Changing Nature of Knowledge and Liberal University in an Era of Neo-Liberalism: Implications for Democratic Society

Monday, 7 July 2025: 00:00
Location: SJES028 (Faculty of Legal, Economic, and Social Sciences (JES))
Oral Presentation
Shushwi KE, Jamia Millia Islamia, Centre for Distance and Online Education, India
In the early phase of scientific development under the influence of Newtonian empirical and mathematical physics knowledge production was in tuned with to gain recognition as scientific. It was largely influenced by community of scholars particularly scientific scholars with academic interests. It was embedded in the idea of objective knowledge and truth. Liberal higher education was offered in institutional settings with disciplinary body of knowledge relatively independent of narrow socio-cultural interests. Dissemination of knowledge happened in unity with research. Teaching and research united as a matter of epistemic inquiry which is philosophical in nature and sociological too. Therefore, higher education has the task of legitimising society’s cognitive structures. On top of that the foundation of liberal education ultimately lies in the fact of its promise of emancipatory project. This has also been characterised by Gibbons as ‘Mode I’ type of knowledge.

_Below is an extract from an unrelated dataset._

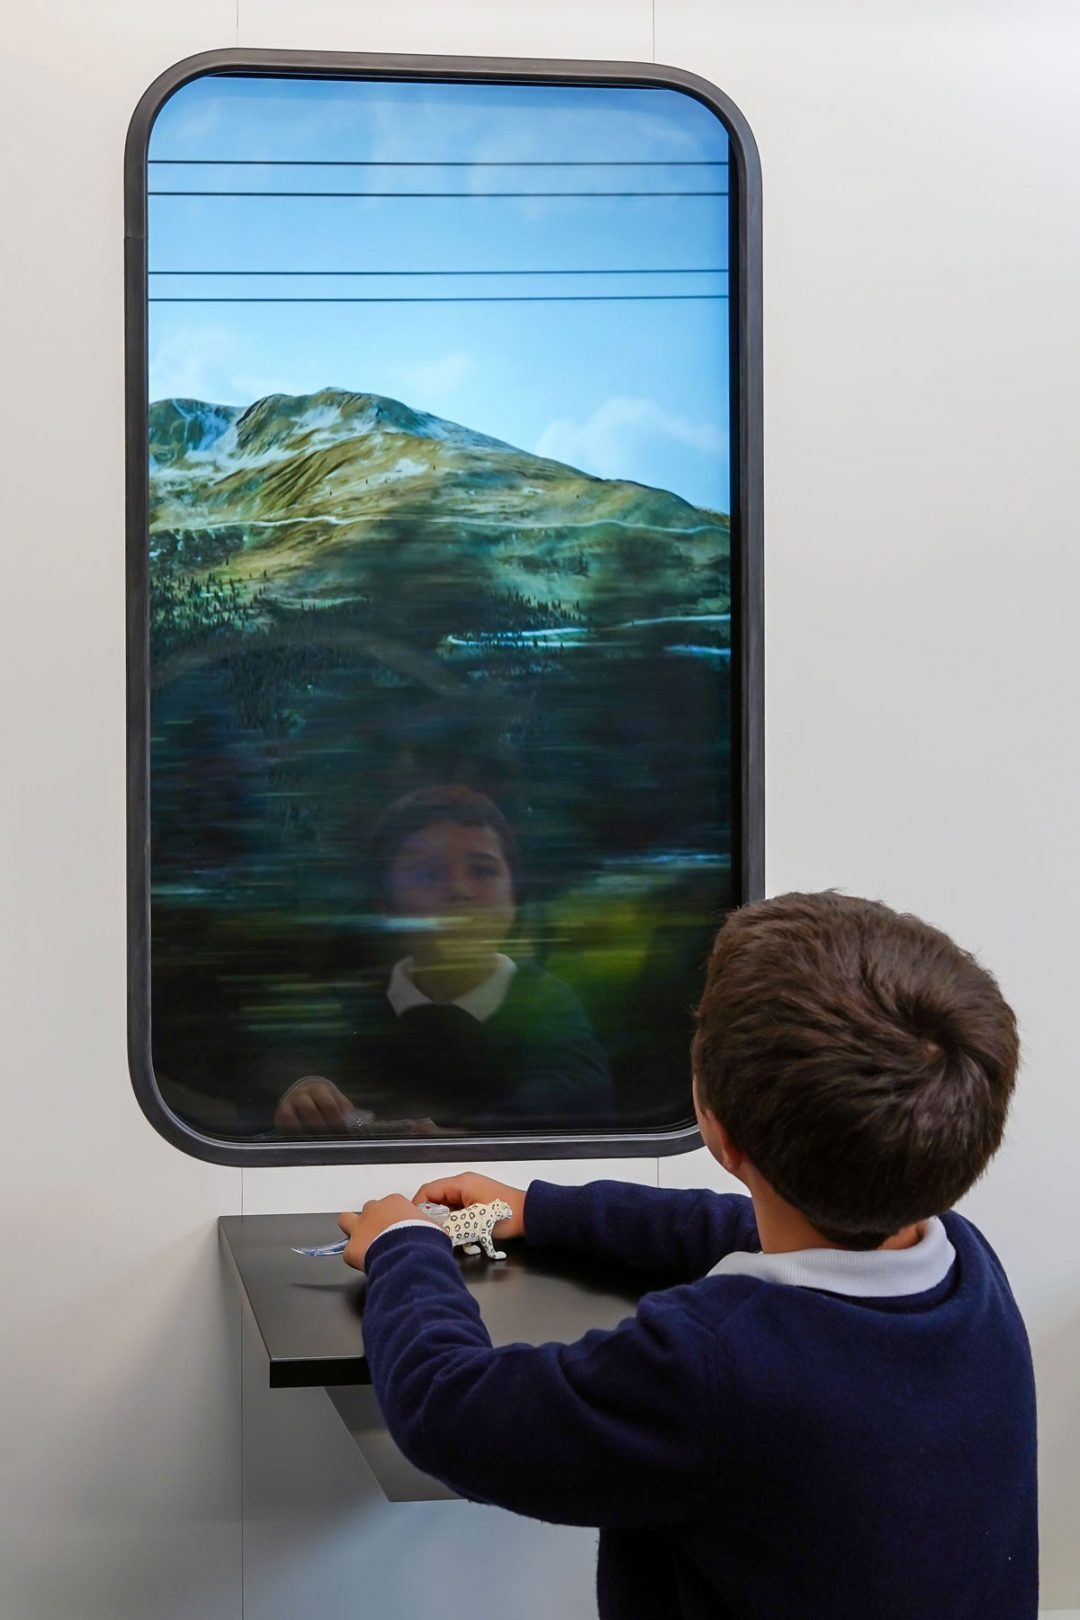 finestrino digitale nella mostra Oltrepassare a Milano
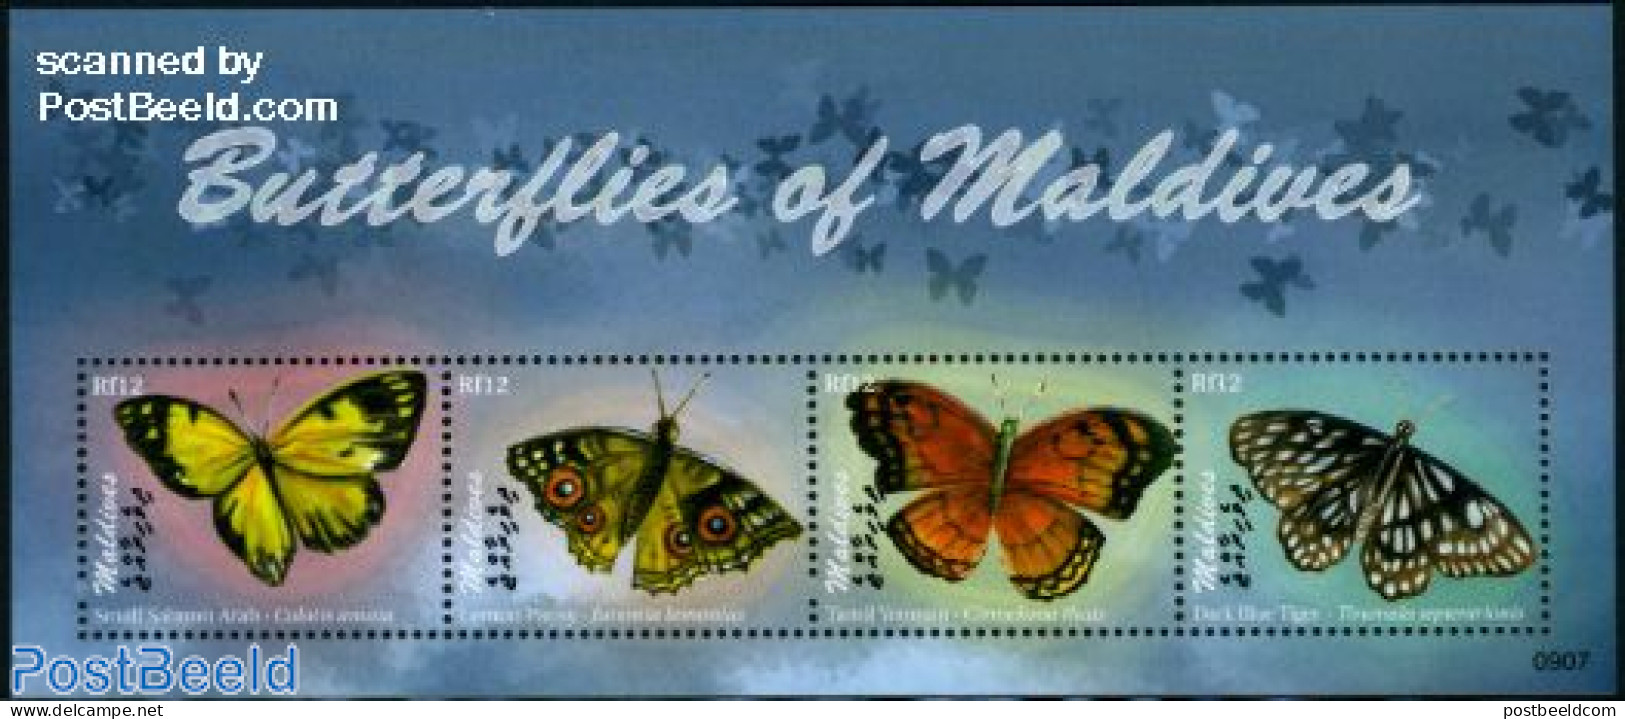 Maldives 2009 Butterflies 4v M/s, Mint NH, Nature - Butterflies - Maldives (1965-...)

However, with changing economic and political structure under the neo-liberalism where ‘neo’ about neoliberalism lies in the idea of ‘perfect market’ which promises to capture the essential and basic truth of human nature. It conceptualises people as self-interested competitors, self -actualised entrepreneurs and rational consumers in a dynamic and ever- changing global marketplace. Production of new forms of knowledge within the context of ‘usefulness’ and ‘application’ takes the primary stage. In the changed situation it is not confined to the university but involves range of institutional settings with its own mission and ethos in transdisciplinary forms. Knowledge intensive companies become new sites of knowledge producing units. It demands new skills like problem solving, ability to combine things together in unique way, brokering skills. It’s characterised as ‘Mode-II’ type of knowledge. It’s is an attempt to understand this shift in knowledge production from Mode-I to Mode-II and its impact on the foundational idea of university and also for democratic society.